◆ Activity: Using the records below, give again exactly the lines from the line that contains "Axis Communications axis" through the line that contains "Dad I love you", both ends included, and only those.

Dataset excerpts:
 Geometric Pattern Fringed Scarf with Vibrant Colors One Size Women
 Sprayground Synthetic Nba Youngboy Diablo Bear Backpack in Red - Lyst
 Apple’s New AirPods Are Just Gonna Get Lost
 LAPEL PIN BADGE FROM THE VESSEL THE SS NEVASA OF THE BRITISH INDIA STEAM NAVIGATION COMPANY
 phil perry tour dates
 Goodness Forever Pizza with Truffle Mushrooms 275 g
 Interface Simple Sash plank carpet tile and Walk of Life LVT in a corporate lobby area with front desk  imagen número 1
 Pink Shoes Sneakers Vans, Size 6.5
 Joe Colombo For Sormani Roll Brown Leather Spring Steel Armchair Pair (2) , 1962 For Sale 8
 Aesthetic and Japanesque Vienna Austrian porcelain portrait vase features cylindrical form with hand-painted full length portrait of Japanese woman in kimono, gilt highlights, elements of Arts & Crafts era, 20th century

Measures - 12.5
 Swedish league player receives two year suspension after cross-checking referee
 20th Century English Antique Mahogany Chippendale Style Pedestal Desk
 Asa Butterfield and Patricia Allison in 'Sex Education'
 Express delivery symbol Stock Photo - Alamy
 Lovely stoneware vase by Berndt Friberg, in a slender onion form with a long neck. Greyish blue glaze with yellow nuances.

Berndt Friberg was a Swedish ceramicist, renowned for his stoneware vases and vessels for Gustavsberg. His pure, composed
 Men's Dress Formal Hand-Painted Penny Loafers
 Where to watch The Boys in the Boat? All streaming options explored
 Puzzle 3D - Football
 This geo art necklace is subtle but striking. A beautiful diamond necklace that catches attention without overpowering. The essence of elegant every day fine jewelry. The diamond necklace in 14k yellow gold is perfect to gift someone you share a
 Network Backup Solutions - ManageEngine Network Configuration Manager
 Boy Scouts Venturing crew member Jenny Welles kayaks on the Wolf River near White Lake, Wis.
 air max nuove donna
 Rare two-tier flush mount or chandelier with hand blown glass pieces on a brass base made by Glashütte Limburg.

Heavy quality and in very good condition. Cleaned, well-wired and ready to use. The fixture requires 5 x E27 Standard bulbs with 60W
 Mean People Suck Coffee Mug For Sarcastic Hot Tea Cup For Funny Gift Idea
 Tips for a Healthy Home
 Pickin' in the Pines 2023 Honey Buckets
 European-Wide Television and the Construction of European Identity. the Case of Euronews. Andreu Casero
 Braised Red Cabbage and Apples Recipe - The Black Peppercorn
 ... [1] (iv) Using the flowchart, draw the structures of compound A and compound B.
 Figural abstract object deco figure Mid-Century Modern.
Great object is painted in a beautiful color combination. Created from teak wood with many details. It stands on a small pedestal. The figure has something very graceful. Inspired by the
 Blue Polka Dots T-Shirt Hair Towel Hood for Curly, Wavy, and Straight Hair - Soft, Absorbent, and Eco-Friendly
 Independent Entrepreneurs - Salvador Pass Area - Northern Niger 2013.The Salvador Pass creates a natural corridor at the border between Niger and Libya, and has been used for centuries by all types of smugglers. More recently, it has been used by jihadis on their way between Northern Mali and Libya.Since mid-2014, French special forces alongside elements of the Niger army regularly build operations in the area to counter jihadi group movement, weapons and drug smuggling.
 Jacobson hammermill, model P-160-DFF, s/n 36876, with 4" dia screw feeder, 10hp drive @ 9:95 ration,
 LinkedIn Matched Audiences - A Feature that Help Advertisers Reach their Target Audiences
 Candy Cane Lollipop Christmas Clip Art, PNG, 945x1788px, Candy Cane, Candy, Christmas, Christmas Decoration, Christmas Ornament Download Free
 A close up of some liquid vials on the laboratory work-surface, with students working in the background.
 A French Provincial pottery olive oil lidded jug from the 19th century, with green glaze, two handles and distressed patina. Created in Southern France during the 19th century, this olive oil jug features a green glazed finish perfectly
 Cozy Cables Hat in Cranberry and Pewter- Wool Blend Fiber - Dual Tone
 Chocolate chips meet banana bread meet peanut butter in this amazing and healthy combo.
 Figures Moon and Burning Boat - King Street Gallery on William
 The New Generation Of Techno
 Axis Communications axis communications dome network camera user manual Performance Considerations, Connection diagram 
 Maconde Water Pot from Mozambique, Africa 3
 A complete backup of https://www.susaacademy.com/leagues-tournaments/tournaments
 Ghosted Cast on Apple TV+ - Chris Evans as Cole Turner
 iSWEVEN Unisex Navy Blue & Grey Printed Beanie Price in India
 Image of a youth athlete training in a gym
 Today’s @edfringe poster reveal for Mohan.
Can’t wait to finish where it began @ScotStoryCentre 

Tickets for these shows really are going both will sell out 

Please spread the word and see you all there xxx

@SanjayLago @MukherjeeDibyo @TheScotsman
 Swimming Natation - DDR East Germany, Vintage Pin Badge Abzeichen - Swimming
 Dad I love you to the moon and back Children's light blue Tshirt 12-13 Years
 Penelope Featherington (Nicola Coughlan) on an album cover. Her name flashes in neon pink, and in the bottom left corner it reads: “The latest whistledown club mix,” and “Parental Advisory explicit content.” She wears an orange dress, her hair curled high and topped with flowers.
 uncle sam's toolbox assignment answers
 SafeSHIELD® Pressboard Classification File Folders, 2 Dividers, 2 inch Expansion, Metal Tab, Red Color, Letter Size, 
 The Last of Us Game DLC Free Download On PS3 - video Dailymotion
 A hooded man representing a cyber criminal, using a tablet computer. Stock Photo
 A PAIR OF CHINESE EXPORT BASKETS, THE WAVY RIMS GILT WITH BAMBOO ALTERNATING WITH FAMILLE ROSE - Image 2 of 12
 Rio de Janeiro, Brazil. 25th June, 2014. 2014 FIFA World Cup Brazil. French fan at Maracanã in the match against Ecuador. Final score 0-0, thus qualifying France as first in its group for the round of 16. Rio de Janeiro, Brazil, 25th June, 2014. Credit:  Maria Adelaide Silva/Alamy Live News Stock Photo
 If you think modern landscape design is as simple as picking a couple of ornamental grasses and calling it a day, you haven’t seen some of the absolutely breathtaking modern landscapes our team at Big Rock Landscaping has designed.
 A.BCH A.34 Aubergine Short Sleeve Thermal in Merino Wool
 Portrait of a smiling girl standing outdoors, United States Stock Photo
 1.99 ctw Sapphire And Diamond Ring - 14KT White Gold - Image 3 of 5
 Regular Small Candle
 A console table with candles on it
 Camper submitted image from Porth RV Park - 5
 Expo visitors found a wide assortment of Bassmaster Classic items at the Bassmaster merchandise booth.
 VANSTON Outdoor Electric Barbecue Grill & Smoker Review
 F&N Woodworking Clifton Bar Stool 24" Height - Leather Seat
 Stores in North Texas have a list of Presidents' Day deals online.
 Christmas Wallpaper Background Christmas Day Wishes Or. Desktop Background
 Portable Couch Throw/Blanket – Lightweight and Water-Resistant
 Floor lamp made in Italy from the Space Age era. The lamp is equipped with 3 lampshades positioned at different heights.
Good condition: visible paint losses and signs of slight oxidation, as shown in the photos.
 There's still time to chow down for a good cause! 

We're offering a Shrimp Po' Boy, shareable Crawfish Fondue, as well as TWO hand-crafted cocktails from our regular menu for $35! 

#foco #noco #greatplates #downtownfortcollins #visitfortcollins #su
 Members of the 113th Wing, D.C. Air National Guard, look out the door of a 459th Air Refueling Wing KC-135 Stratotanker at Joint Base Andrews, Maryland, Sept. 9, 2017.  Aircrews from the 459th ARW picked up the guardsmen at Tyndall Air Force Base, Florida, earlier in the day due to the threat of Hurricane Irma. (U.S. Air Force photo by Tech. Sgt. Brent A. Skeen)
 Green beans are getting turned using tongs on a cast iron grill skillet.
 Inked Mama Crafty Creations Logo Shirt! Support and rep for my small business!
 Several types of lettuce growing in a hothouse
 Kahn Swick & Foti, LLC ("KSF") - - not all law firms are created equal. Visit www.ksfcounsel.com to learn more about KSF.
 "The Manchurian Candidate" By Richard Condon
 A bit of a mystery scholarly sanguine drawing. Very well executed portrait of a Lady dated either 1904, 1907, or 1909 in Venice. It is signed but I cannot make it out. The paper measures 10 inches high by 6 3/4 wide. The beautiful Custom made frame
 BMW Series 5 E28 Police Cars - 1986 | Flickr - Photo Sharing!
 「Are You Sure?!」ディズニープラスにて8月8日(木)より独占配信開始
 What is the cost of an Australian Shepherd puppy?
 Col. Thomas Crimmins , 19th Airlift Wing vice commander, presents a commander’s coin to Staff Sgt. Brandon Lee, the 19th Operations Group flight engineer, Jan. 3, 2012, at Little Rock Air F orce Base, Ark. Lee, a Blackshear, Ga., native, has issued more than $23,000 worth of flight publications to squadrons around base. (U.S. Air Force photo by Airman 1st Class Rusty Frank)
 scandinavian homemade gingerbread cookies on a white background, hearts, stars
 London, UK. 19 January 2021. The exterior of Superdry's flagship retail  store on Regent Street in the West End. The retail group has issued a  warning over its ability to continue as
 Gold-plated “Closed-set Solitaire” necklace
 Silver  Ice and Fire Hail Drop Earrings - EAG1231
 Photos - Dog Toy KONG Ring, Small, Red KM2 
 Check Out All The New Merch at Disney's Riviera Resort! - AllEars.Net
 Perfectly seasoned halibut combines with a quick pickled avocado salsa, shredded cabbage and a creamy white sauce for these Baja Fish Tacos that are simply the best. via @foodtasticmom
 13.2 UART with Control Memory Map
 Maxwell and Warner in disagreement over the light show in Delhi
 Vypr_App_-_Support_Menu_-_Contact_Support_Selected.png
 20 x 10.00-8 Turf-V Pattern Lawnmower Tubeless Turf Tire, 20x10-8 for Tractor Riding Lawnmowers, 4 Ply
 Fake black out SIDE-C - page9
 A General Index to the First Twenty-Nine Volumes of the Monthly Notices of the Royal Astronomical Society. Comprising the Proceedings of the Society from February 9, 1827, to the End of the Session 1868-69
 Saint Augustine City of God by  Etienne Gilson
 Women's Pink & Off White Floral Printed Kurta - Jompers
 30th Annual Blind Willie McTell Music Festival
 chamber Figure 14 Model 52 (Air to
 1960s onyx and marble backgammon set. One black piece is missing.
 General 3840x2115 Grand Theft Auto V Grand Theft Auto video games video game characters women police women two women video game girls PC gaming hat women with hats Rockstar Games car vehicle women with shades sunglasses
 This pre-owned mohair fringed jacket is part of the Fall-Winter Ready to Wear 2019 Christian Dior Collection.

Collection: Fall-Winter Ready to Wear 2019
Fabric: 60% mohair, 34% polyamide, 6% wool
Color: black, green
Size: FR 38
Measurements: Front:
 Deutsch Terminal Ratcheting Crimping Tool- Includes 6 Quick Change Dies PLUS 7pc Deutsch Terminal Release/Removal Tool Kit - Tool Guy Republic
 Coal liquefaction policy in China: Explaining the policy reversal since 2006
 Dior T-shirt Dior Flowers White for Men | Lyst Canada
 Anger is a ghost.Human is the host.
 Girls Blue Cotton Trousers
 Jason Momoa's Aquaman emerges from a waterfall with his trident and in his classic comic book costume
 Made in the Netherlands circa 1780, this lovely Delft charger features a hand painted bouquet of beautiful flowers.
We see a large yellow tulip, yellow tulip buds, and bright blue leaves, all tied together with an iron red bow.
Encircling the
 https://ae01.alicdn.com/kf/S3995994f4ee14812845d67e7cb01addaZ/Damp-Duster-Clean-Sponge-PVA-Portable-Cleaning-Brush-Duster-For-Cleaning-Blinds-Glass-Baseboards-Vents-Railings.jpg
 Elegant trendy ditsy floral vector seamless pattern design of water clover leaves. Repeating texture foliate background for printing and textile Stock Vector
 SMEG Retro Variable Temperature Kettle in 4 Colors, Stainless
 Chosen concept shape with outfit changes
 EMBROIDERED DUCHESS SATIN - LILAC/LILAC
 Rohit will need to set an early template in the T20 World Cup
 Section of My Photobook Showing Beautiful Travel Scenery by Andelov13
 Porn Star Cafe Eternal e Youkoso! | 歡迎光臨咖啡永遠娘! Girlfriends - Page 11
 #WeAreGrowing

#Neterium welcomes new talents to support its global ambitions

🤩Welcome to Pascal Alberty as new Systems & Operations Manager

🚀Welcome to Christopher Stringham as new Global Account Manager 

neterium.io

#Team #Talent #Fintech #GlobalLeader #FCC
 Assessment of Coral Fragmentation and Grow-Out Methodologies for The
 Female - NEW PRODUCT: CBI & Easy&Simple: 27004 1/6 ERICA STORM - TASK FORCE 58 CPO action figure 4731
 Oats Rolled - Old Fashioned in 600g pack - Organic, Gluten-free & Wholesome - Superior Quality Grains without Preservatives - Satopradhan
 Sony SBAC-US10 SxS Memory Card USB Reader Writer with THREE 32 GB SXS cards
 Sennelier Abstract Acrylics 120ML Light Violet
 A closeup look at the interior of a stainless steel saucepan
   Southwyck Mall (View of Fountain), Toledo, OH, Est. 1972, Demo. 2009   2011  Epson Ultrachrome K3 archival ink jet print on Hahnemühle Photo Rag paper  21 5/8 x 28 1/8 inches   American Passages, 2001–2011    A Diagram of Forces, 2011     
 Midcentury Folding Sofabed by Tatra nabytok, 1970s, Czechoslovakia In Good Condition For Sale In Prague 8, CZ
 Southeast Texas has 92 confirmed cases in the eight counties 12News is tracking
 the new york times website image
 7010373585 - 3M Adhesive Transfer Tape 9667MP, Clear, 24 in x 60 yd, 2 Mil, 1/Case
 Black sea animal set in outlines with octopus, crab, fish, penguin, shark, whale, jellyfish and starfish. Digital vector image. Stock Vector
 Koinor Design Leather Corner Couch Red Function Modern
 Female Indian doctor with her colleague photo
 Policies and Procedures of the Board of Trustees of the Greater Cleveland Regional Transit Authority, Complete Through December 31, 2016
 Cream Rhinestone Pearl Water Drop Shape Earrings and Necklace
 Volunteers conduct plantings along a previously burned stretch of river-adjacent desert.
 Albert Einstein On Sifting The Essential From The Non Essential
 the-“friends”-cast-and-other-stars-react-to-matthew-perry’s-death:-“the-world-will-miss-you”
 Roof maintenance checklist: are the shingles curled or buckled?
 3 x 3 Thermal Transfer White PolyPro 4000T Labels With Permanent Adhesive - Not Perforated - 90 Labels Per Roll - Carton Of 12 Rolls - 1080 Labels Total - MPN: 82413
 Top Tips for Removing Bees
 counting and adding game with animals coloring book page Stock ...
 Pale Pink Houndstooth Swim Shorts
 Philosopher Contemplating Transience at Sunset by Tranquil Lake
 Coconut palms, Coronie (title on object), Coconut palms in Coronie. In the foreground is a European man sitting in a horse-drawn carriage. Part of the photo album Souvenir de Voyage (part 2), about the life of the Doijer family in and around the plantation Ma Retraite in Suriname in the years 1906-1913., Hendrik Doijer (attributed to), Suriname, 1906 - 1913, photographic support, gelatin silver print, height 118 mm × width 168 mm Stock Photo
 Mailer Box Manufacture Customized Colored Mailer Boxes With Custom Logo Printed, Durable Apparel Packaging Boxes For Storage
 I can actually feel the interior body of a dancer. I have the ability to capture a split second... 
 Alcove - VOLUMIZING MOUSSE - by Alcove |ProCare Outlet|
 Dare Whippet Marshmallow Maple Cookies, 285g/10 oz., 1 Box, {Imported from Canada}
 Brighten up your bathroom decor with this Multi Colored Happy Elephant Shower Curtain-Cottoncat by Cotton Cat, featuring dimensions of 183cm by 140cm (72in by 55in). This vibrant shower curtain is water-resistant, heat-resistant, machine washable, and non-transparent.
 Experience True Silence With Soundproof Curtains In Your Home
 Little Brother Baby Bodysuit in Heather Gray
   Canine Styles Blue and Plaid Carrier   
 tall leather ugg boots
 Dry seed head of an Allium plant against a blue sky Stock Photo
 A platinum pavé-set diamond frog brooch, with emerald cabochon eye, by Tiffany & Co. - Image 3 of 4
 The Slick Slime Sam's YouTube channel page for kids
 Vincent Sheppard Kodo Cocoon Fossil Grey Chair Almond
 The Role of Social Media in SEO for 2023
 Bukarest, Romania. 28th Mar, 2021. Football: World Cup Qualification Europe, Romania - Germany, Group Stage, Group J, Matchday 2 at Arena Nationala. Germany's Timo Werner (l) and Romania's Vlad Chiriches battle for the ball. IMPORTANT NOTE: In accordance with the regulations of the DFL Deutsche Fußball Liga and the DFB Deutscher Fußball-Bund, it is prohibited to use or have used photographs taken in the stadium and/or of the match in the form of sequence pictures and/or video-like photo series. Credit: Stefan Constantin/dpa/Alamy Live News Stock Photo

◆ Solution to this task:
 Axis Communications axis communications dome network camera user manual Performance Considerations, Connection diagram 
 Maconde Water Pot from Mozambique, Africa 3
 A complete backup of https://www.susaacademy.com/leagues-tournaments/tournaments
 Ghosted Cast on Apple TV+ - Chris Evans as Cole Turner
 iSWEVEN Unisex Navy Blue & Grey Printed Beanie Price in India
 Image of a youth athlete training in a gym
 Today’s @edfringe poster reveal for Mohan.
Can’t wait to finish where it began @ScotStoryCentre 

Tickets for these shows really are going both will sell out 

Please spread the word and see you all there xxx

@SanjayLago @MukherjeeDibyo @TheScotsman
 Swimming Natation - DDR East Germany, Vintage Pin Badge Abzeichen - Swimming
 Dad I love you to the moon and back Children's light blue Tshirt 12-13 Years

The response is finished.